▸ **Input data**:
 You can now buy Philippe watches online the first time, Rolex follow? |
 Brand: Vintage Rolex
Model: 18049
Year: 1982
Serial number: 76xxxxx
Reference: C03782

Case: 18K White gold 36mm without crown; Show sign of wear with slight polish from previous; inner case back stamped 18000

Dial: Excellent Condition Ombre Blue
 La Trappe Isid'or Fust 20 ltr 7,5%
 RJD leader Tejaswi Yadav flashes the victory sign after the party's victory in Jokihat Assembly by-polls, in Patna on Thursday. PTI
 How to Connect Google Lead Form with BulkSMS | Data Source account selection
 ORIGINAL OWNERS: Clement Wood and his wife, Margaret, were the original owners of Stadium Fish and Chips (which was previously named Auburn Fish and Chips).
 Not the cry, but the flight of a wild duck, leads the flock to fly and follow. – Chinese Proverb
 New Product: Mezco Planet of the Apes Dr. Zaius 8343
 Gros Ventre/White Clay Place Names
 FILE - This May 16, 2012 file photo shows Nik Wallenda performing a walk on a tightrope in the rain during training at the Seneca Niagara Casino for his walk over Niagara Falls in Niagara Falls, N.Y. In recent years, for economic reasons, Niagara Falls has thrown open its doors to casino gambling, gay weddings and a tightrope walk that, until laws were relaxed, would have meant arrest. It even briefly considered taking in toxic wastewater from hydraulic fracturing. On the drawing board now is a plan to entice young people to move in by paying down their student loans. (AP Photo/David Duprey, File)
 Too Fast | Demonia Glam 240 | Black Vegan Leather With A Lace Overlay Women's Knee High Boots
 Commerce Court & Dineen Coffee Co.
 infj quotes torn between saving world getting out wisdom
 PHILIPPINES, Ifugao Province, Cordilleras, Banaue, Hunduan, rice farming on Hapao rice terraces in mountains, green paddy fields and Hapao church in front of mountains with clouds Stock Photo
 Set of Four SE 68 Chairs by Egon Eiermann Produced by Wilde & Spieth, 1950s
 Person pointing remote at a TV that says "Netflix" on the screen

▸ **Work required**: Print all records shown above, word for word.

▸ **Task output**:
 You can now buy Philippe watches online the first time, Rolex follow? |
 Brand: Vintage Rolex
Model: 18049
Year: 1982
Serial number: 76xxxxx
Reference: C03782

Case: 18K White gold 36mm without crown; Show sign of wear with slight polish from previous; inner case back stamped 18000

Dial: Excellent Condition Ombre Blue
 La Trappe Isid'or Fust 20 ltr 7,5%
 RJD leader Tejaswi Yadav flashes the victory sign after the party's victory in Jokihat Assembly by-polls, in Patna on Thursday. PTI
 How to Connect Google Lead Form with BulkSMS | Data Source account selection
 ORIGINAL OWNERS: Clement Wood and his wife, Margaret, were the original owners of Stadium Fish and Chips (which was previously named Auburn Fish and Chips).
 Not the cry, but the flight of a wild duck, leads the flock to fly and follow. – Chinese Proverb
 New Product: Mezco Planet of the Apes Dr. Zaius 8343
 Gros Ventre/White Clay Place Names
 FILE - This May 16, 2012 file photo shows Nik Wallenda performing a walk on a tightrope in the rain during training at the Seneca Niagara Casino for his walk over Niagara Falls in Niagara Falls, N.Y. In recent years, for economic reasons, Niagara Falls has thrown open its doors to casino gambling, gay weddings and a tightrope walk that, until laws were relaxed, would have meant arrest. It even briefly considered taking in toxic wastewater from hydraulic fracturing. On the drawing board now is a plan to entice young people to move in by paying down their student loans. (AP Photo/David Duprey, File)
 Too Fast | Demonia Glam 240 | Black Vegan Leather With A Lace Overlay Women's Knee High Boots
 Commerce Court & Dineen Coffee Co.
 infj quotes torn between saving world getting out wisdom
 PHILIPPINES, Ifugao Province, Cordilleras, Banaue, Hunduan, rice farming on Hapao rice terraces in mountains, green paddy fields and Hapao church in front of mountains with clouds Stock Photo
 Set of Four SE 68 Chairs by Egon Eiermann Produced by Wilde & Spieth, 1950s
 Person pointing remote at a TV that says "Netflix" on the screen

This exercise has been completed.